Work Text:
The human body is a collection of muscles, bones, flesh, flesh, flesh, flesh, flesh, flesh, and flesh. It is gentle and easy to scar. It is gentle and easy to bruise. It is gentle and it is easy to tear. It is gentle and easy to kill. He who wears the skin of a human is not gentle in nature, but rather flimsy in his skin, in his resolve. He who adapts the identity of a human is gentle to himself, as he lies and says he will fit in, that he will survive, that he will live a life full of joy and caresses from both ends, giving and receiving adoration and dying at the unripe age of 83.
Tohru is a collection of heat and sand and broken glass. She’s a clay pot that broke when fired. She swears up and down that the human disguise is nothing more than that, but all other bystanders saw a stolen identity. Swallowed, replicated tissues. A disguise exists for a purpose, for an operation. A shield isn’t needed without a threat. Her only threat is God. Her only threat is God.

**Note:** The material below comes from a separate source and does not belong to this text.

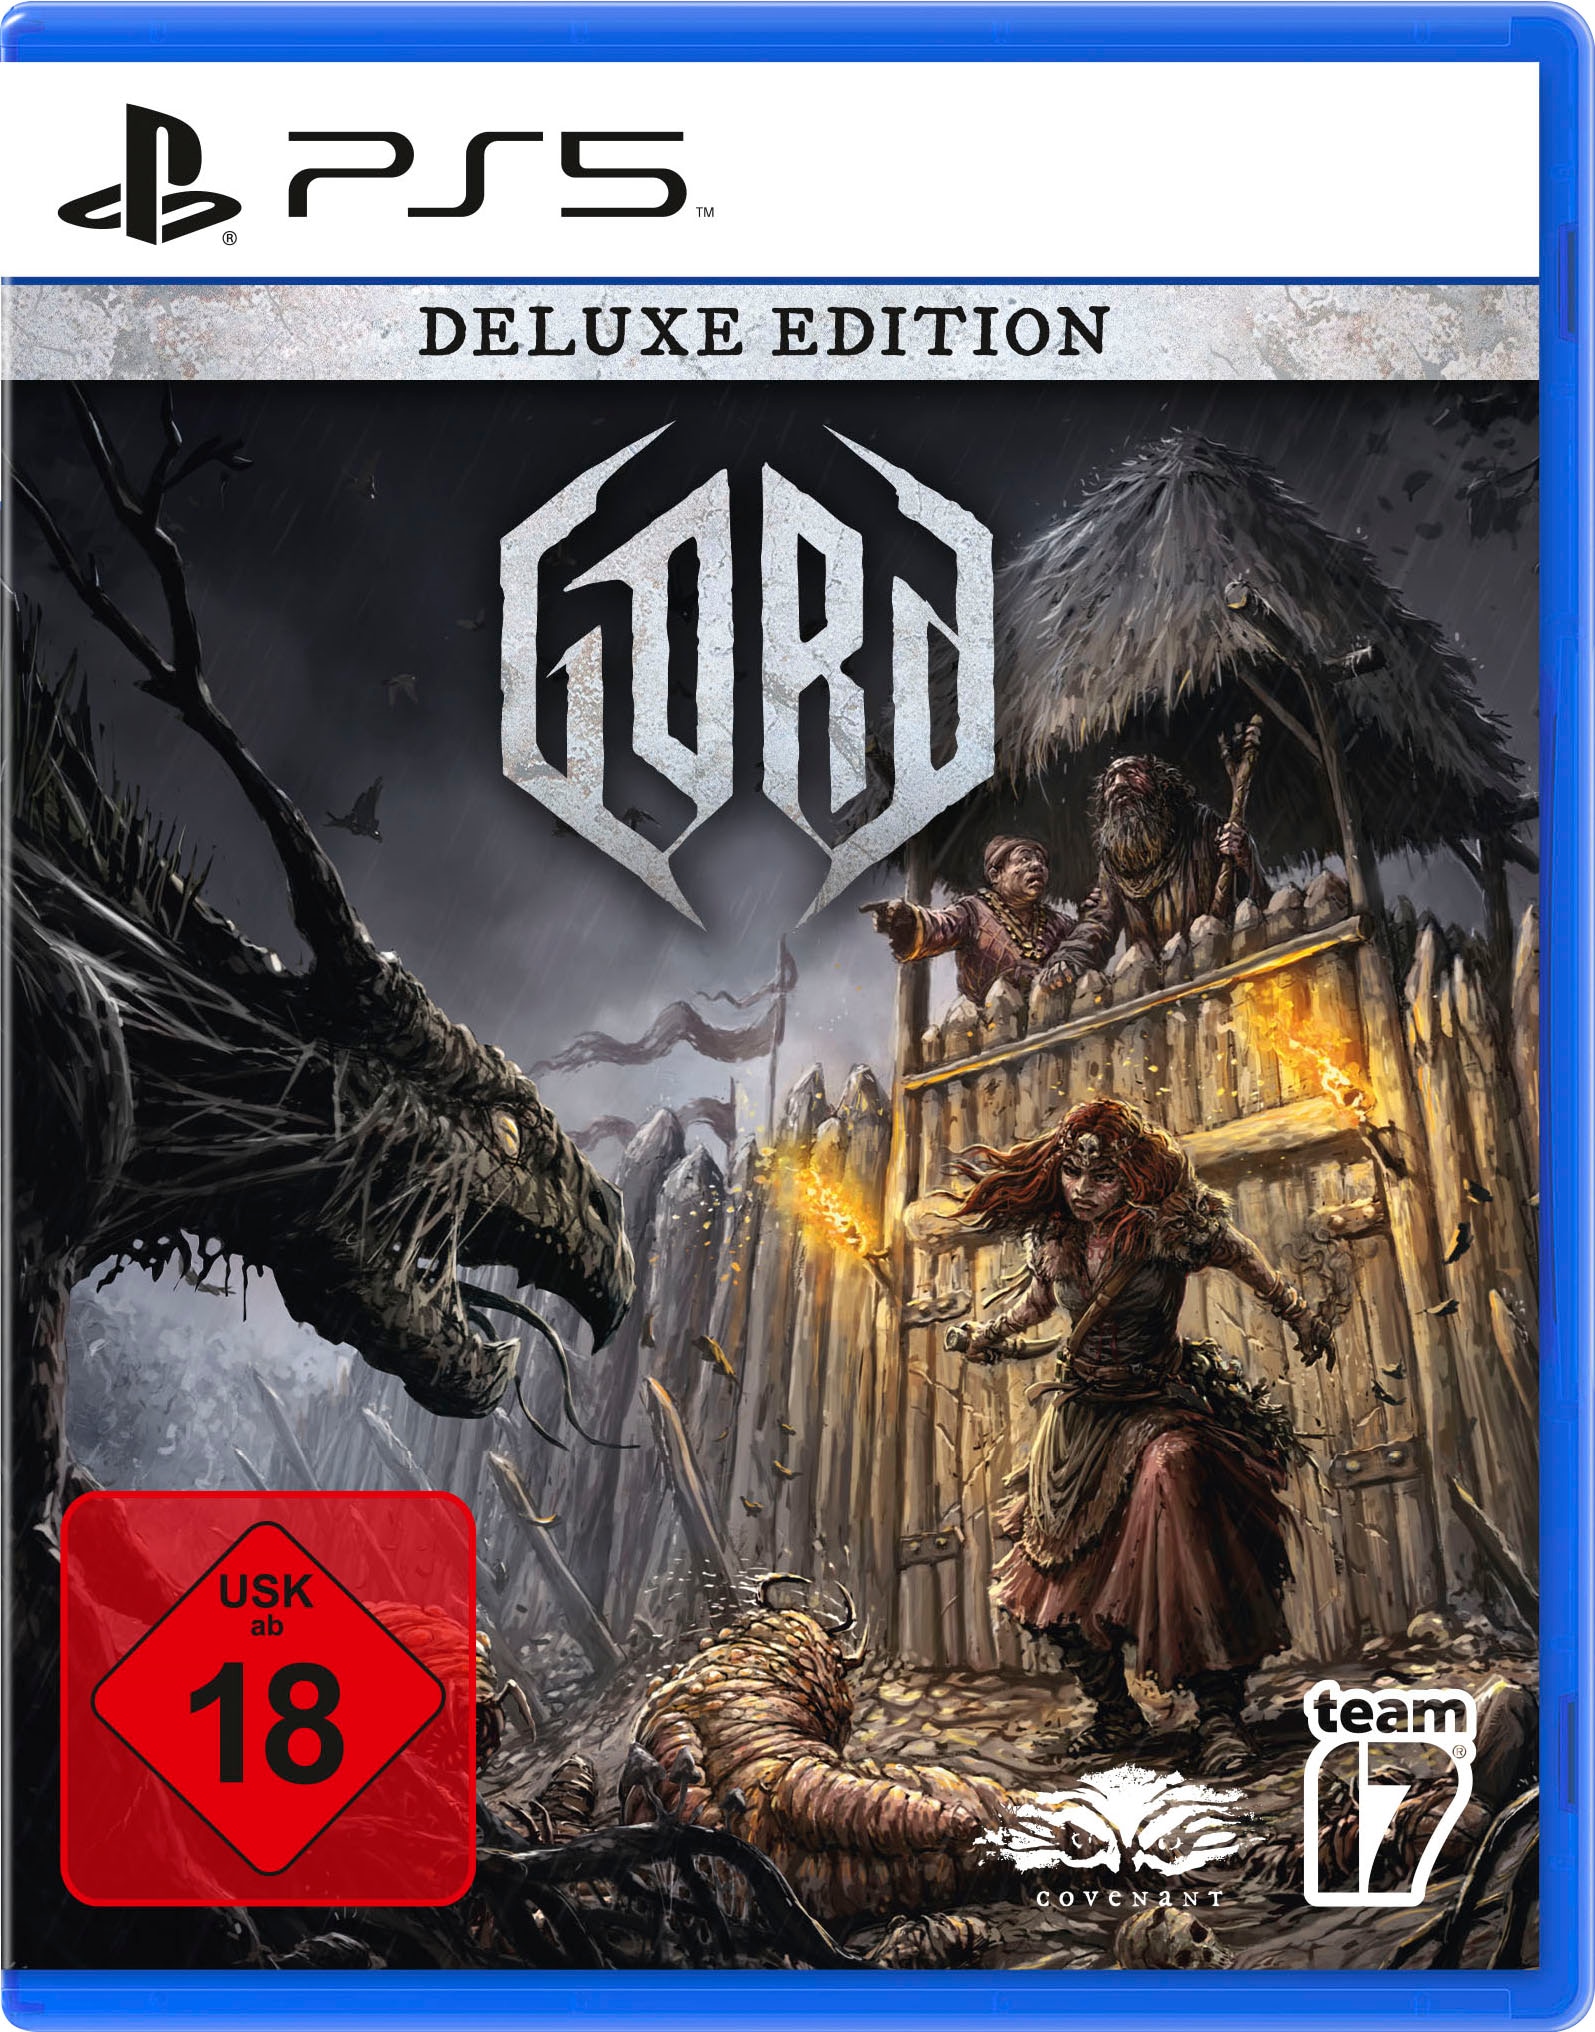  Spielesoftware »Gord Deluxe Edition« P...

But she slides into the cloak easily. Growing pains are different in human form. An aching neck, twitching hands, sore breasts. The breasts angered her the most. An entire organ existing for the mere possibility of use. She would not be raped. She would not bare young, not in a human form. She would not live to the age of full sexual maturity if all went according to plan. She had no use for weight on her chest. She did not know why she angered. There were many more, much more illogical details that adorned the human body.
Blonde hair is a growing trend in Rome. Pale slaves are shaved for their paler hair, and the wiser man spits at both of them for their vanity. She who cried over her lost beauty is no better than she who ordered her shaved. Tohru is the wiser man, she wants to believe. She wants to believe, as she tugs her hood over her head. She doesn’t care about her hair, she reminds herself, gently tucking it all behind her ‘ears’ and into her cloak.
Cloaks are out of fashion in Northern Europe. Tohru doesn’t know what’s in fashion. She doesn’t care. Nudity is apparently out of fashion too. Dragons are out of fashion. Slaves and women are always in fashion, under the condition that they can be abused, that they can be killed. Tohru doesn’t care, she tells herself, even as a royally sponsored explorer from some nearby kingdom corners her against a tree and lifts up her cloak. Lifts up her cloak, and reaches out to grope her. She kills him without a second thought. Not because she cares about what happened, but because it’s the quickest way to clear a path forward.
Two– no, three children, fight over a piece of bread near a bazaar, hungry and wanting and cruel. Tohru steals an apple and leaves. 20-something acres away from a palace, two women get into a ‘serious’ battle over a romantic interest. Hair is pulled, teeth are pulled, blood is shed. Tohru would rather watch grapes ferment. A conquest somewhere threatens the murder of all innocent civilians out in public. An Opera performer is stripped, and then killed for the ‘unexpected’ existence of her penis. Tohru feels itchy. Tohru never feels itchy. A political leader begins a new campaign, breaching contracts and enslaving all who fell under his gaze, and Tohru is done. She burns down 17 war tents, 4 posts, kills 20 people by hand. She doesn’t care anymore. Human morals are dumb. Humans are dumb. Her hands hurt from the strain of rapidly transforming from clawed to fingered. Human bodies are even dumber.
Tohru is, in human years, 19. She knows that much. She’s done growing, with the exception of her horns, which have lengthened much later in life than her father’s did. Tohru has stolen the concept of ‘human years’ from some nobody in the harmony faction. Tohru has stolen the concept of humanity from some passerby in the desert, with sweet blue eyes and sleek black hair. She scratches away at the hair around her navel, a nervous tic. A ‘nervous tic’. She has pick-pocketed human identity for herself. The falsities of it, the comfort it brang, the costume. Nobody she killed, nobody she passed by, knew how they were observed and scrutinized for her gain. Her loss. They didn’t really know, at least. What she was taking from them. How she slipped it into her ribs, folded up like paper and poking at her lungs, tickling her heart, irritating her skin.
Tohru undid the fastening on her cloak, bunched it up in her hand, and threw it onto the forest floor. She saw the light of god, reaching towards her, the terrible tendons and tendrils of ‘mercy’, of ‘hope’, of ‘divine right’. She saw it twist through the trees, mocking the scenery, invading her space. She saw the face of god, and emptied her pockets of all she had stolen. She saw the face of god, and opened her mouth, already burning herself with flame. She saw the face of god, and shed her disguise for the last time, intent on only taking one thing to the grave – God’s life.